New recorder Talisha
‘ready to take over’
By Rhett Wilkinson
MANTI—Talisha Johnson remembers having “anxiety” the whole week in mid-March when she filed to run for Sanpete County recorder.
She was worried that someone else was going to file to run. As a single mother, she didn’t want the burden of campaigning.
“I just kept checking the clerk’s office,” Johnson said.
Johnson said it was “fantastic” when the filing period closed and she found she was running uncontested.
“It was a huge relief financially and all of that,” Johnson said. “It would have been a lot of stress on my plate.”
As a deputy recorder, Johnson records documents, assists the public in getting copies of warranty deeds, updates plat maps as ownership changes and more.
As the recorder, Johnson will “kind of do the same thing, but the recorder is over the office and they make sure everything is correct,” Johnson said.
Johnson will also update employees on current state code and what the law requires of them, she said.
Johnson will take office Jan. 5 after having worked with current recorder Reed Hatch for nearly 15 years.
“I’m excited,” Johnson said. “I’ve taken different classes on mapping and parcel information, so I feel I am ready to take over. I have big shoes to fill, but I’m ready to do it.”
Johnson has always lived in Sanpete County. She grew up in Sterling and now lives in Manti.
“I love Sanpete County. I love raising my children here,” Johnson said, noting that her family and her children’s father’s family are from Sanpete. “It’s the best place to be and to stay.”
Johnson said that generally, she has loved working for the county.
“Serving the public is not always easy because people come in with problems. But I try to listen to what their concerns are,” Johnson said. “I’ve made a lot of friendships over the years with people coming in.”
Johnson added that she loves her co-workers.
“I mean, you spend more time with them than your family,” Johnson said.
The county commissioners listen when the recorder’s office has concerns, Johnson said.
“I feel like it is a pretty good working situation,” she said.
Johnson has taken courses from recorders from different counties in cadastral mapping, computer mapping and applied mathematics.
As the recorder, Johnson will also attend various meetings. In preparation for the job, Johnson went to a few commission meetings with Hatch and attended a Utah Association of Counties conference in November of last year, when recorders from all over the state met and discussed issues, changes in state code and how folks do things in their offices.
“I have met quite a few county recorders in the state,” Johnson said.
Johnson also attended this year’s conference on Zoom.
Another deputy recorder has worked in the recorder’s office longer than Johnson, but she “didn’t have any desire to file for office,” Johnson said.
“It was my choice, ultimately,” she added.
When asked what made Johnson want to run, Johnson said, “I just don’t want someone to come off the street.”
“It’s a lot of learning day-to-day,” Johnson said. “I feel like I put the time in and I understand the job … I felt like I should step up and do it.”

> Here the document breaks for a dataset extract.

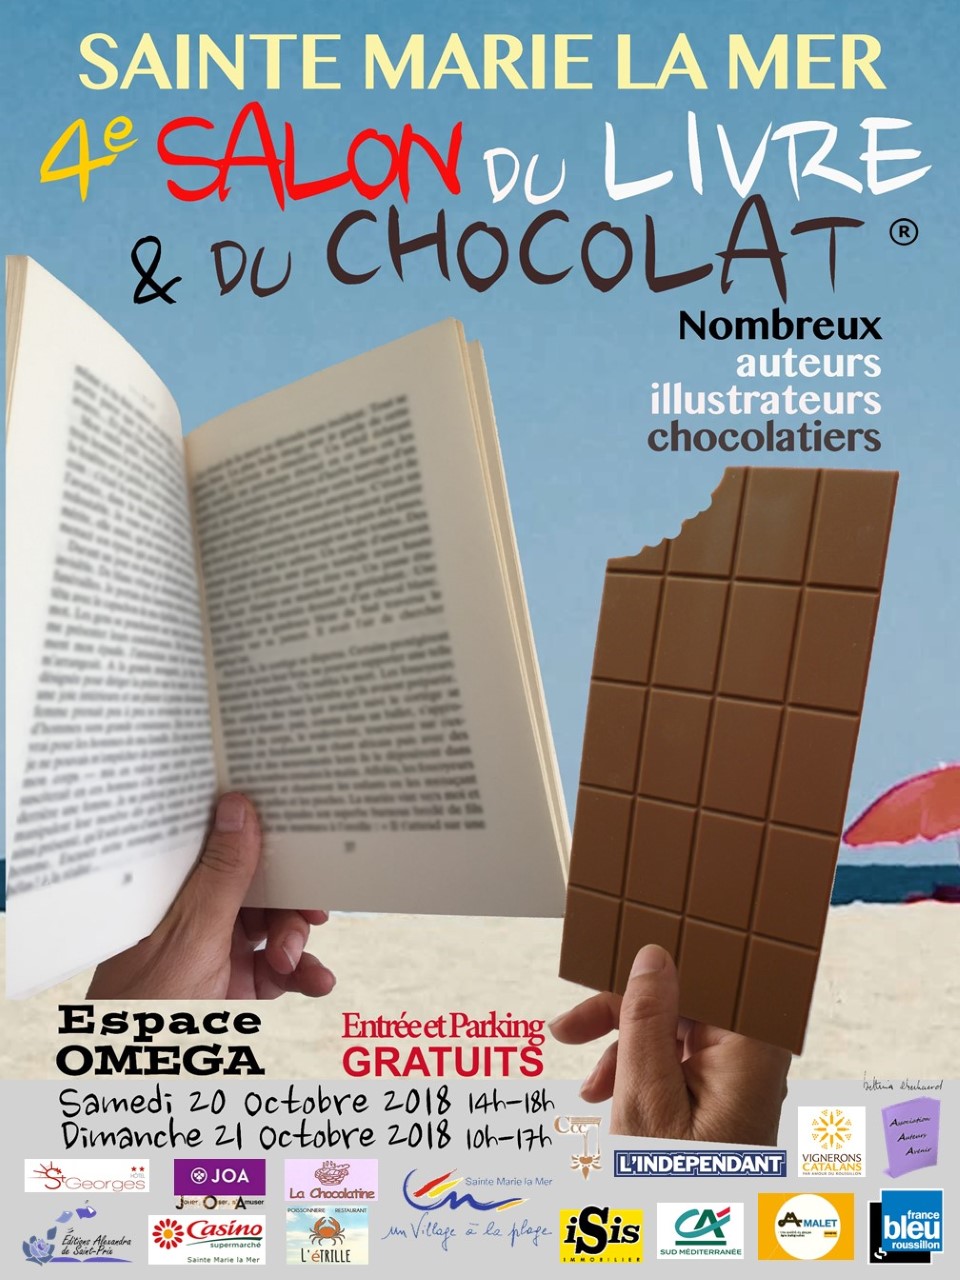 Thumbnail affiche 2018 4e salon du livre et du chocolat
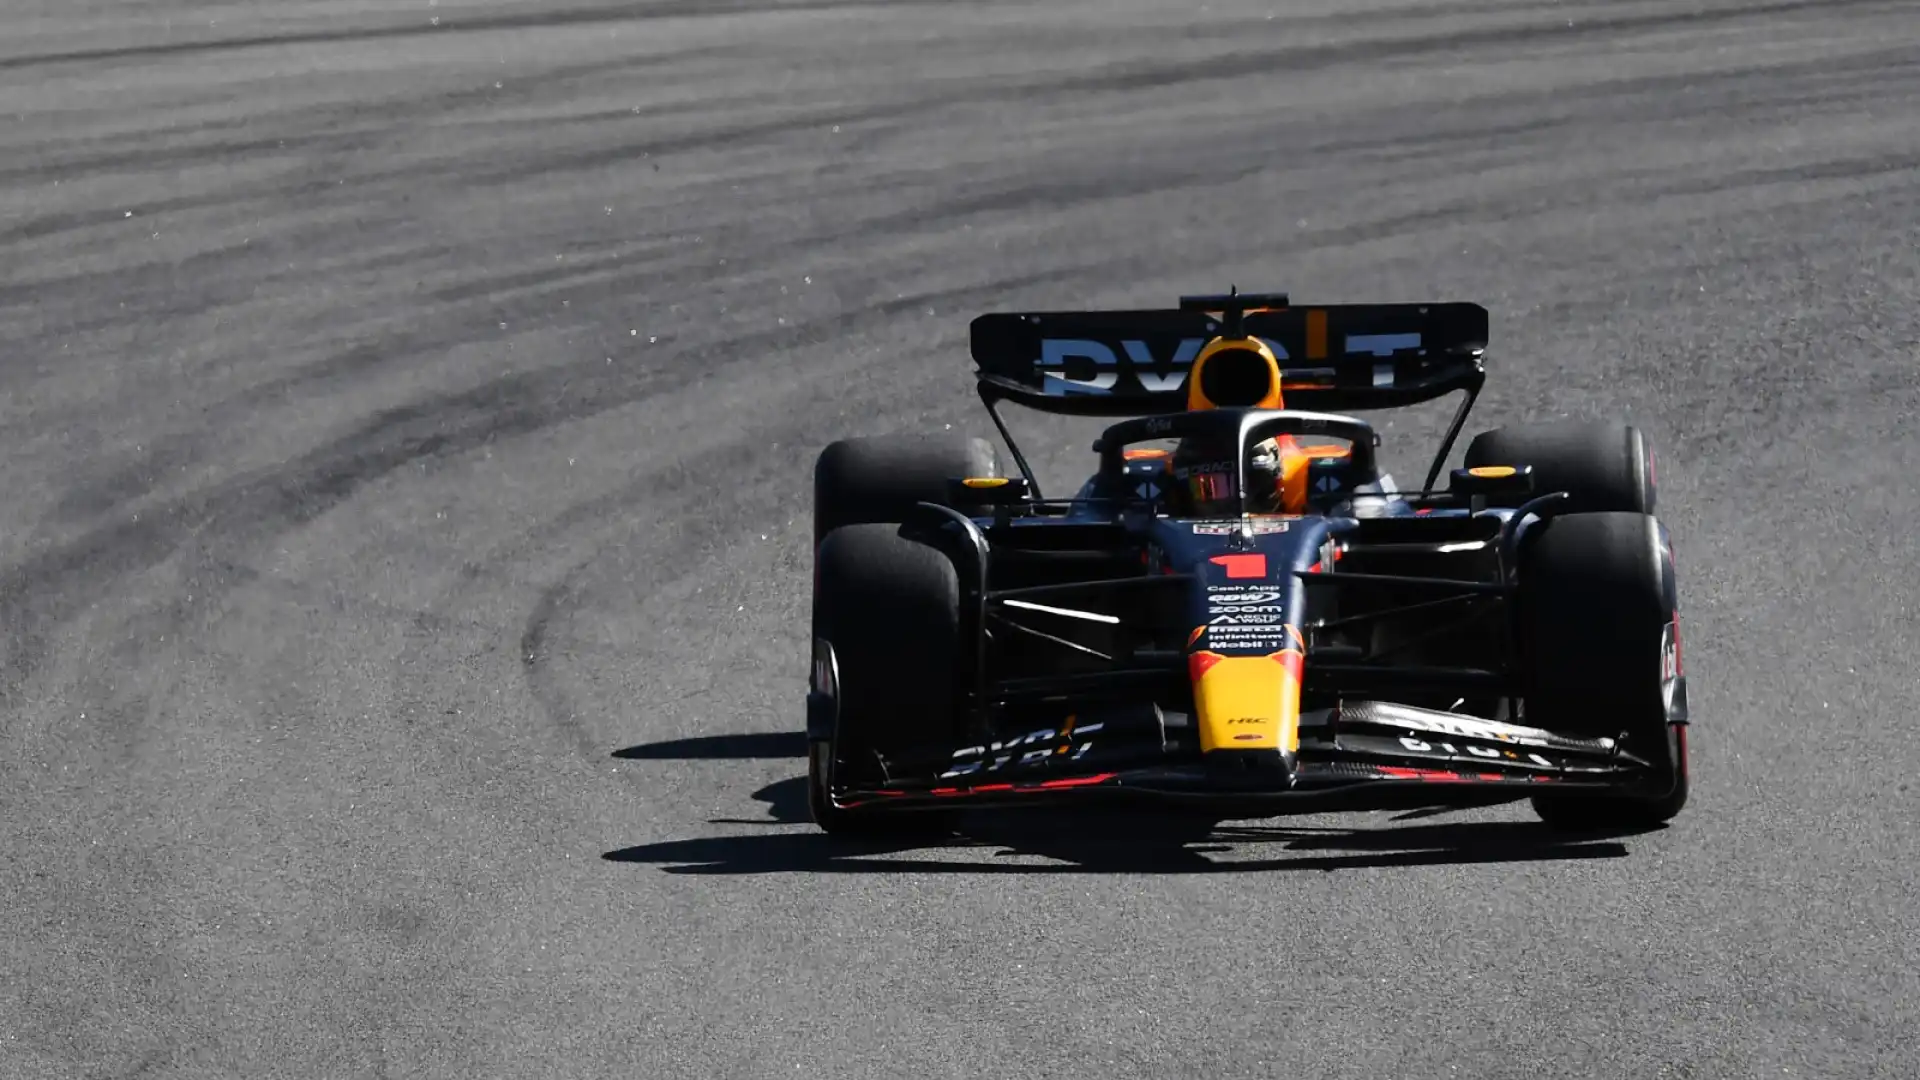 F1, Max Verstappen vince anche in Brasile. Podio in volata per Alonso, Sainz 6°

Johnson said she didn’t know how to answer a question of what she is most looking forward to as the recorder, though she did say, “I am looking to do the best job that I can do and hopefully I can continue to keep the office running how it needs to be ran and I’ll just do the best that I can and help the public.”
Before being a deputy recorder, Johnson was working part-time at Zions Bank and needed full-time work. Then she came across the deputy recorder opening on the Utah Department of Workforce Services website.
“I took a risk and applied,” said Johnson, noting that she didn’t have “a ton of knowledge” about what the job required.
“I’ve been here ever since,” Johnson said. “I didn’t think I would end up where I’m at.”